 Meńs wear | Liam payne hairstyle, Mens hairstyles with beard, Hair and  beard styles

...

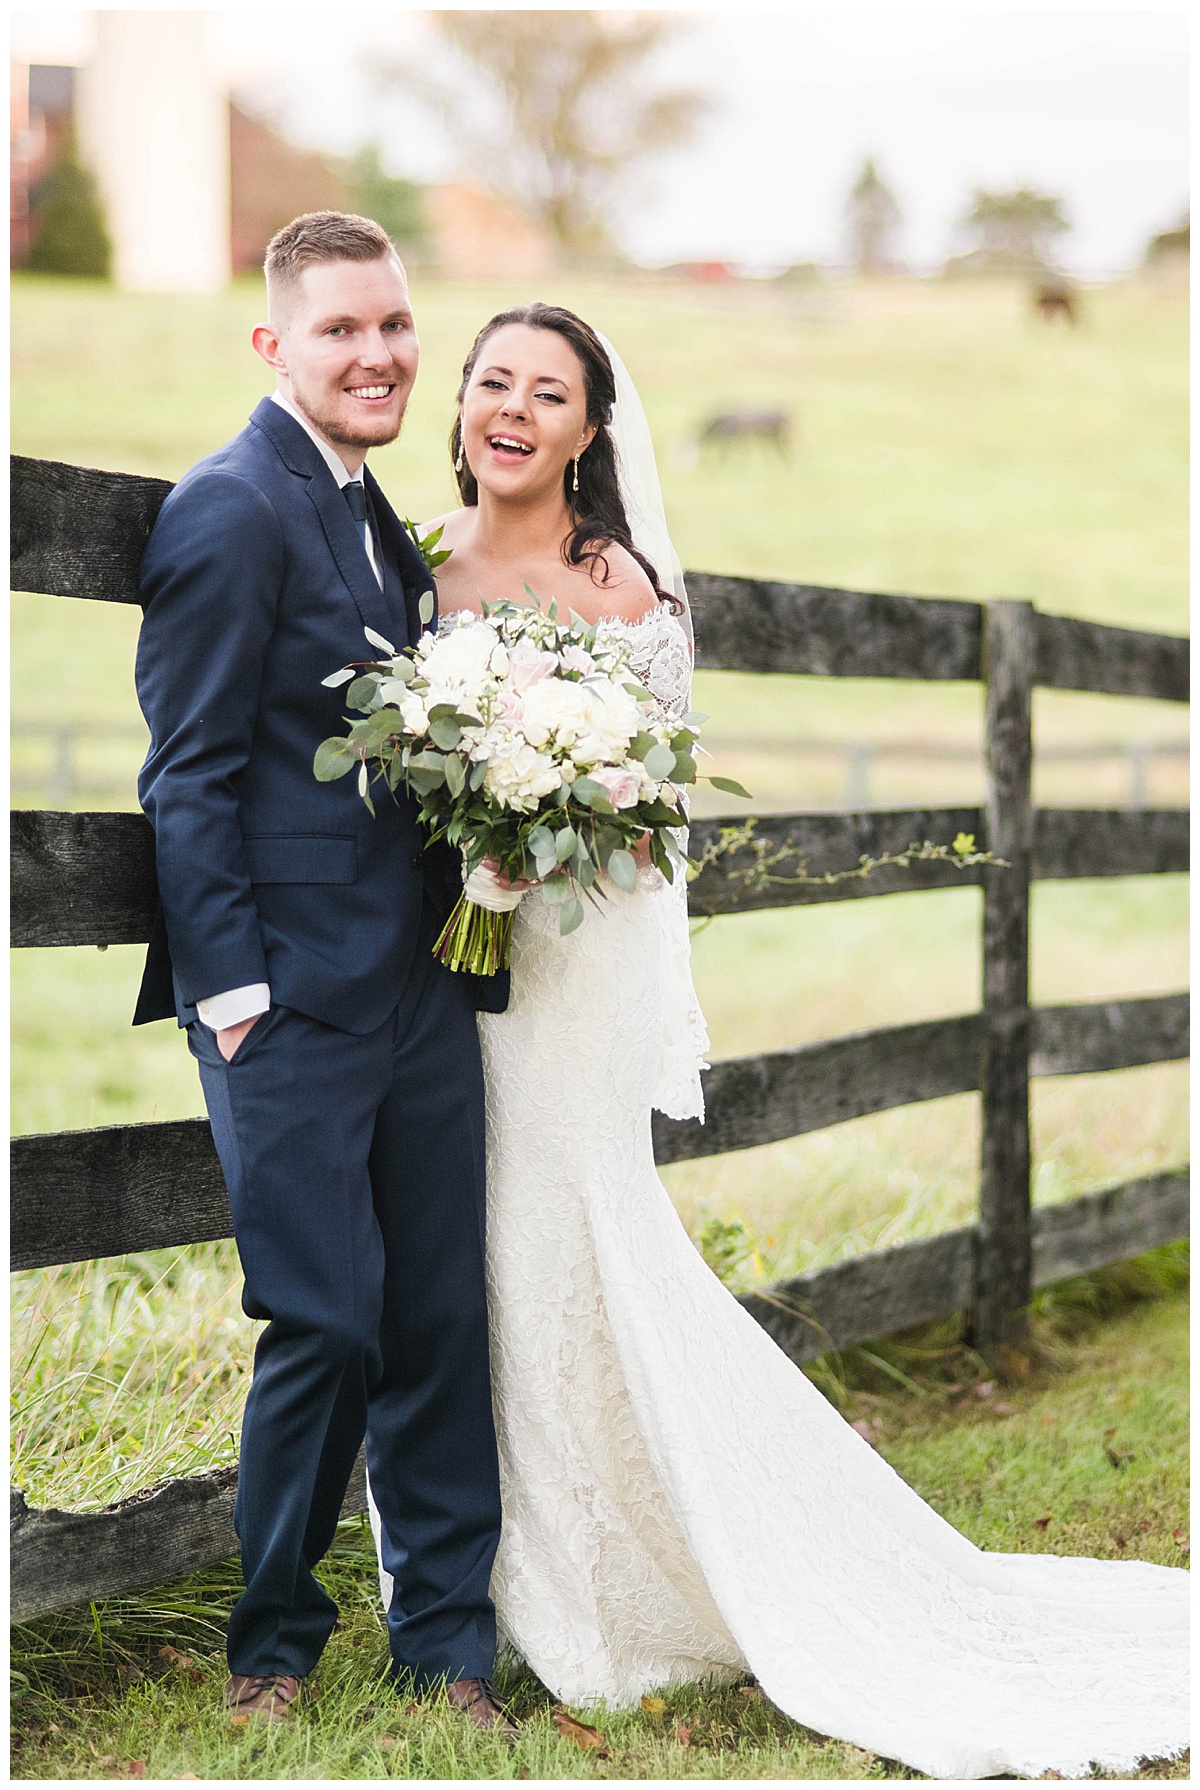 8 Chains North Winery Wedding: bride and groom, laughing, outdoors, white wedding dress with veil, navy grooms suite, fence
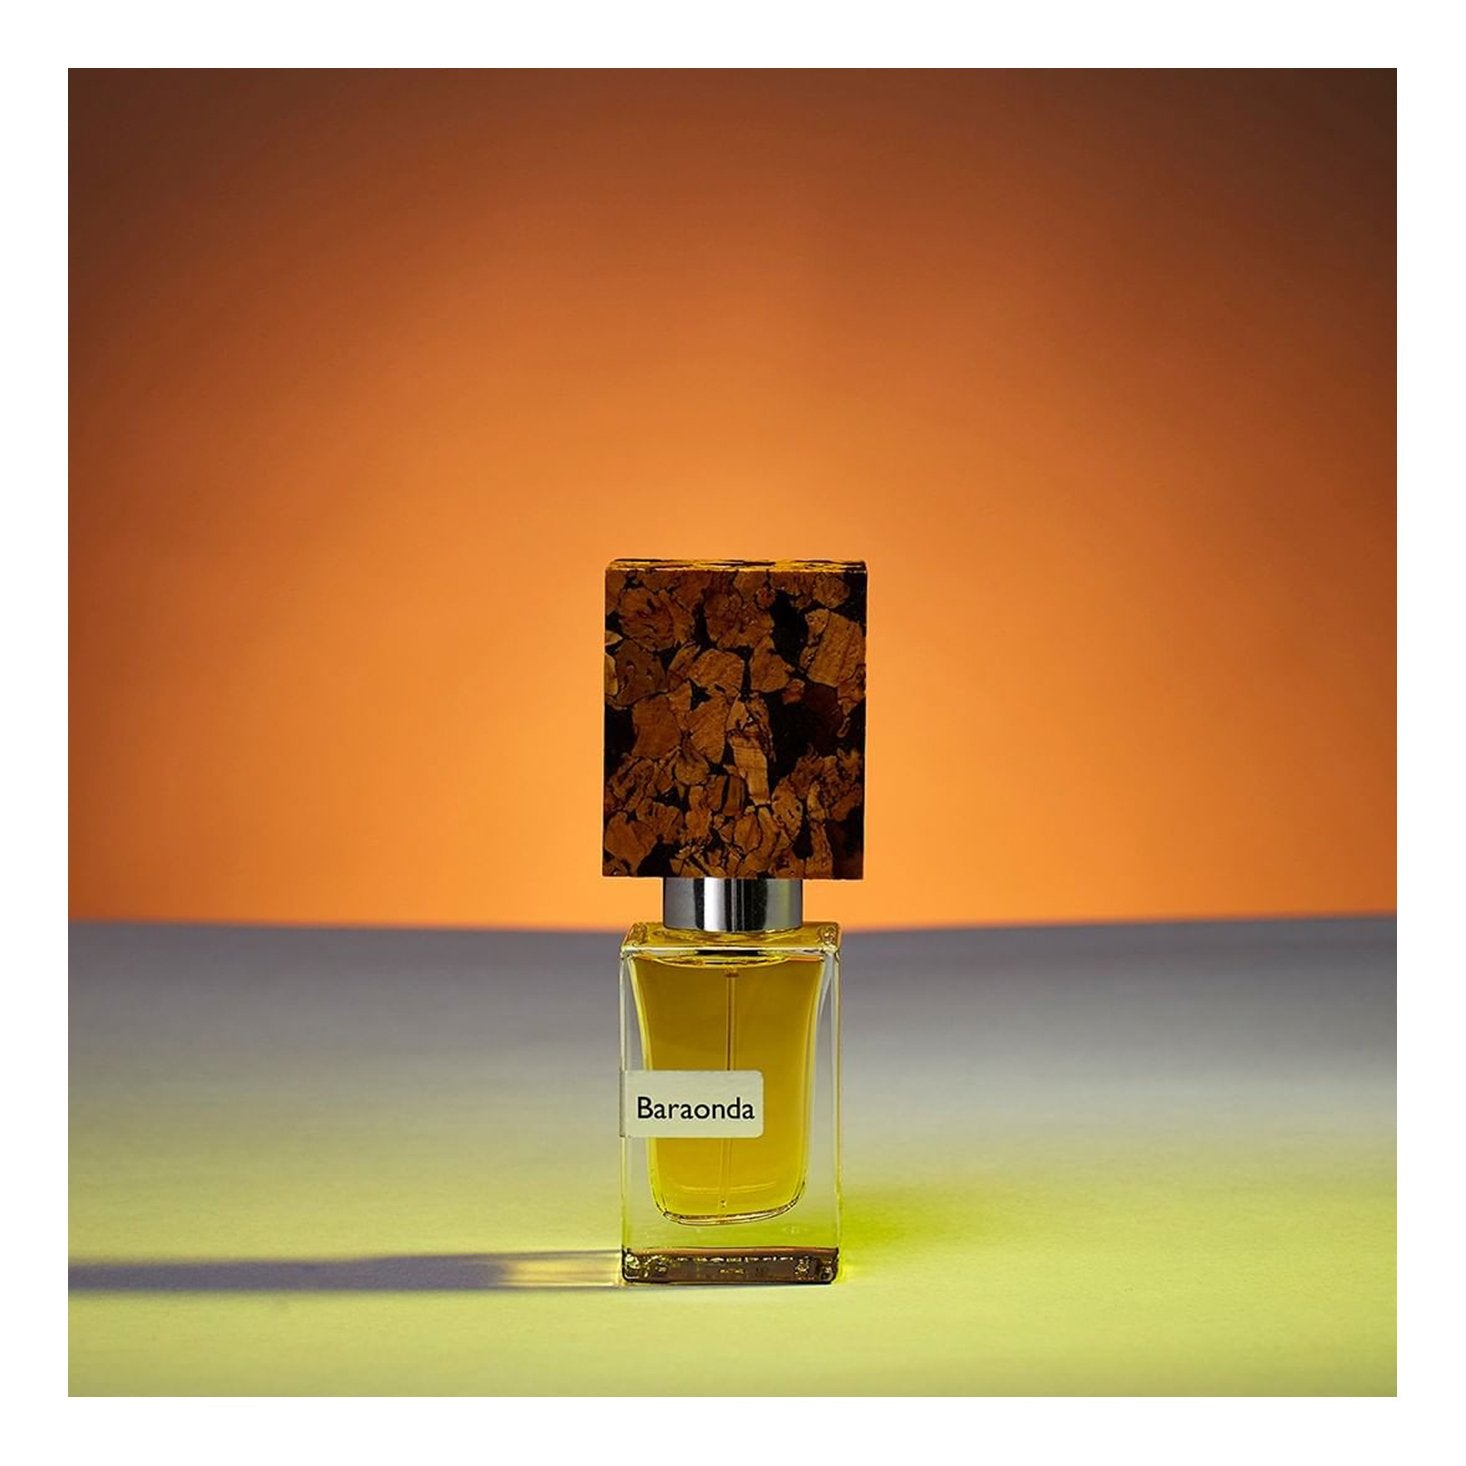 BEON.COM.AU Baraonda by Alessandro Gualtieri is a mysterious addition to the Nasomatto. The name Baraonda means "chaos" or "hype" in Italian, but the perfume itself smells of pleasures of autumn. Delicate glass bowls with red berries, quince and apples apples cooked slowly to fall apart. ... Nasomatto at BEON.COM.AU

DIRECTIONS » An exact copy is needed. It runs from the line above containing "8 Chains North" down to the line containing "BEON.COM.AU Baraonda by", both included, with no pictures.

SOLUTION »
 8 Chains North Winery Wedding: bride and groom, laughing, outdoors, white wedding dress with veil, navy grooms suite, fence
 BEON.COM.AU Baraonda by Alessandro Gualtieri is a mysterious addition to the Nasomatto. The name Baraonda means "chaos" or "hype" in Italian, but the perfume itself smells of pleasures of autumn. Delicate glass bowls with red berries, quince and apples apples cooked slowly to fall apart. ... Nasomatto at BEON.COM.AU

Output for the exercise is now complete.